We found a high prevalence of osteoporotic vertebral fractures in patients with CD and decreased BMD (T score <−1). The prevalence of vertebral fractures—that is, manifest osteoporosis—was 21.8%. In 34 of 156 CD patients, we demonstrated one or more vertebral fractures. A total of 63 fractures, 50 fx. in 25 patients (16%, 15 female) and 13 fxd. in nine patients (5.8%, three female) were found.
CD patients are at high risk for low BMD but the prevalence of vertebral fractures of clinical relevance has not previously been thoroughly assessed. The few data on IBD related vertebral fractures were based on self administered questionnaires,33
or case reports.2,4,6,7,21,31
Bernstein and colleagues32
demonstrated a 40% greater incidence of fractures at any site among patients with IBD than in the general population, with an age specific incidence rate ratio of 1.54 for spine fractures in CD, indicating an increased incidence of vertebral fractures of approximately 50%. Vestergaard and colleagues33
showed an increased risk of low energy fractures in female patients with CD.
Our data represent the first prospective study investigating the prevalence of vertebral fractures based on a standardised evaluation regimen of x
rays of the thoracic and lumbar spine, analogous to the criteria of EVOS.38
The EVOS study was an epidemiological study that investigated the radiographic prevalence of vertebral fractures in men and women aged 50 years and over.40
In our study, the prevalence of vertebral fractures (21.8%) was higher compared with the mean centre prevalence in EVOS (12%) and compared with the prevalence in the EVOS study centre in Heidelberg (16.4%), located in southern Germany in common with our study centre.40
This difference is interesting due to the older age of the patients in the EVOS study (64.8 v
35.9 years in our study) and the fact that in EVOS, no differential diagnosis of fractures (osteoporotic v
others) was done. In the European Prospective Osteoporosis Study (EPOS),39
the overall prevalence of osteoporotic fractures was 10.6%, and the prevalence in the Heidelberg study centre was 11.5%, making the difference between their results and our results even more remarkable.
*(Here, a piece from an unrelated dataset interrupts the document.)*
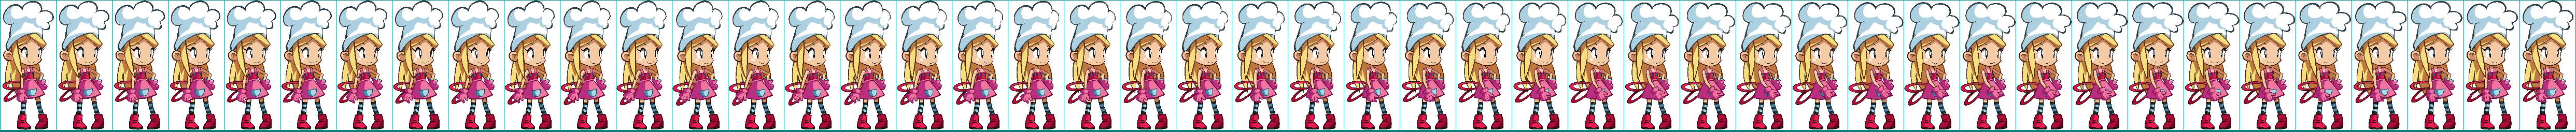 Shantae: Half-Genie Hero - Chef

The association between postmenopausal osteoporosis and the development of vertebral compression fractures is well described.26
Each SD decline in BMD possibly increases the fracture risk approximately twofold.41–43
The prevalence of vertebral fractures increases the risk of developing further fractures by up to 10-fold,26
with a positive correlation with the number of prevalent fractures.44
This risk is extremely high in new incident fractures.45
Our data showed a higher prevalence of fractures in patients with osteoporosis (29%) compared with osteopenia (19%; NS). Lumbar BMD was significantly higher in the 122 patients without vertebral fractures, supporting the hypothesis that decreased BMD is a risk factor for vertebral fractures. By subgroup analysis of patients with one versus those with two or more fractures, no significant differences were found regarding age, or femoral or lumbar BMD. Whether there is a significant prevalence of fractures in CD patients with a normal BMD (T score >−1) cannot be answered by this study.
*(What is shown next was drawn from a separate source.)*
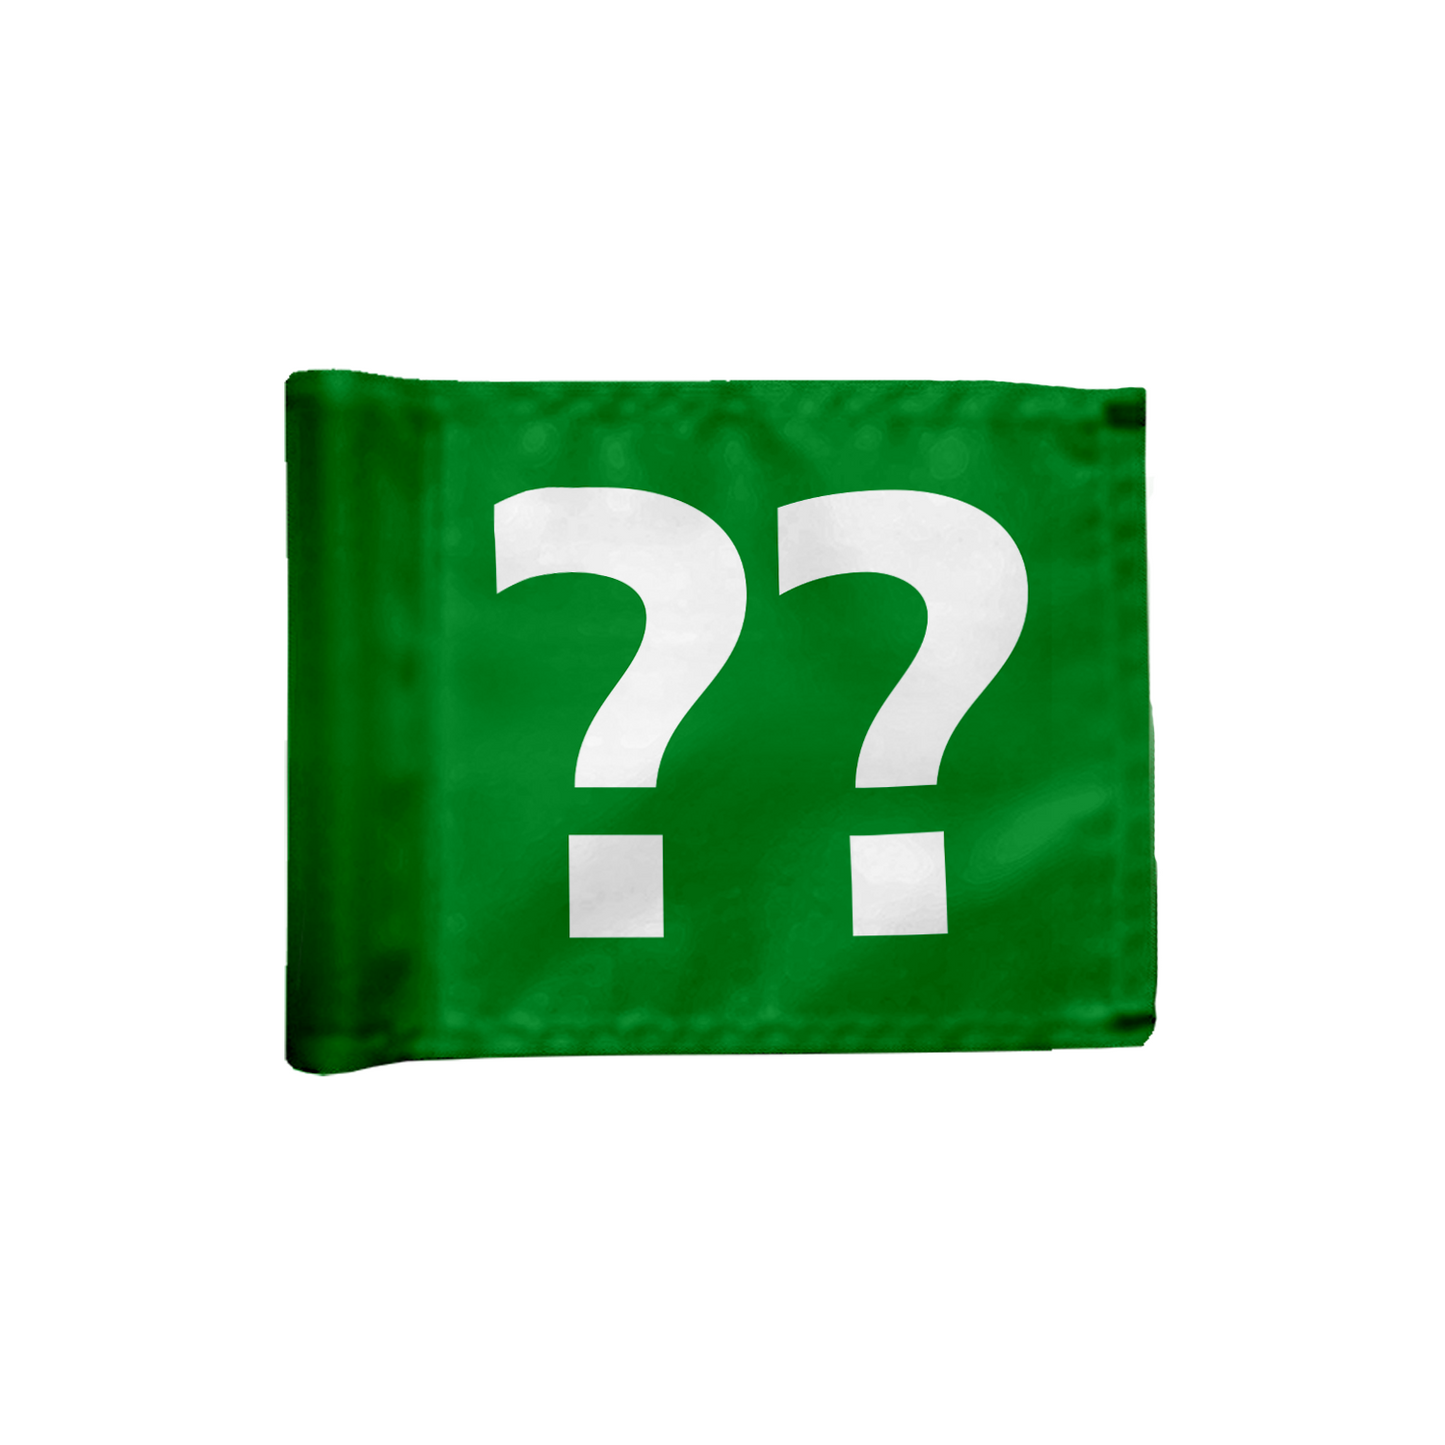 Stykvis puttinggreenflag, afstivetr, i grøn med valgfrit hulnummerl, 200 gram flagdug

Even though the number of vertebral fractures was negatively correlated with vertebral and femoral bone density reported by Mann and colleagues,46
no correlation between the number of vertebral fractures per patient and BMD at any site was found in our study. Patients with osteoporosis were slightly older than patients with osteopenia, and the 34 patients with vertebral fractures were only a little older than the 122 patients without vertebral changes, suggesting a weak correlation with age. However, there were a larger number of young patients aged <30 years with vertebral fractures.
Our data showed a high rate of clinically silent fractures in CD patients with manifest osteoporosis, according to the criteria of the WHO.34
The fractures were clinically evident only in four patients. Severe clinical osteoporosis, including back pain, height loss, spinal deformity, and disability was already present in these young patients. The fractures in the other 30 patients were not evident clinically. These data are consistent with other reports that only one third of x
ray assessed vertebral fractures are clinically detected.26
We demonstrated that reduced BMD, a common problem in patients with CD, is not only a surrogate marker with no clinical relevance but is associated with a high prevalence of vertebral fractures. This implies that it is worthwhile paying even more attention to this extraintestinal complication of CD, especially among young patients. Although hormone replacement therapy,47
and a simple schedule of regular physical activity50
reduces the rate of bone loss or increases BMD in patients with CD, the optimum strategy for prevention and therapy has yet to be established.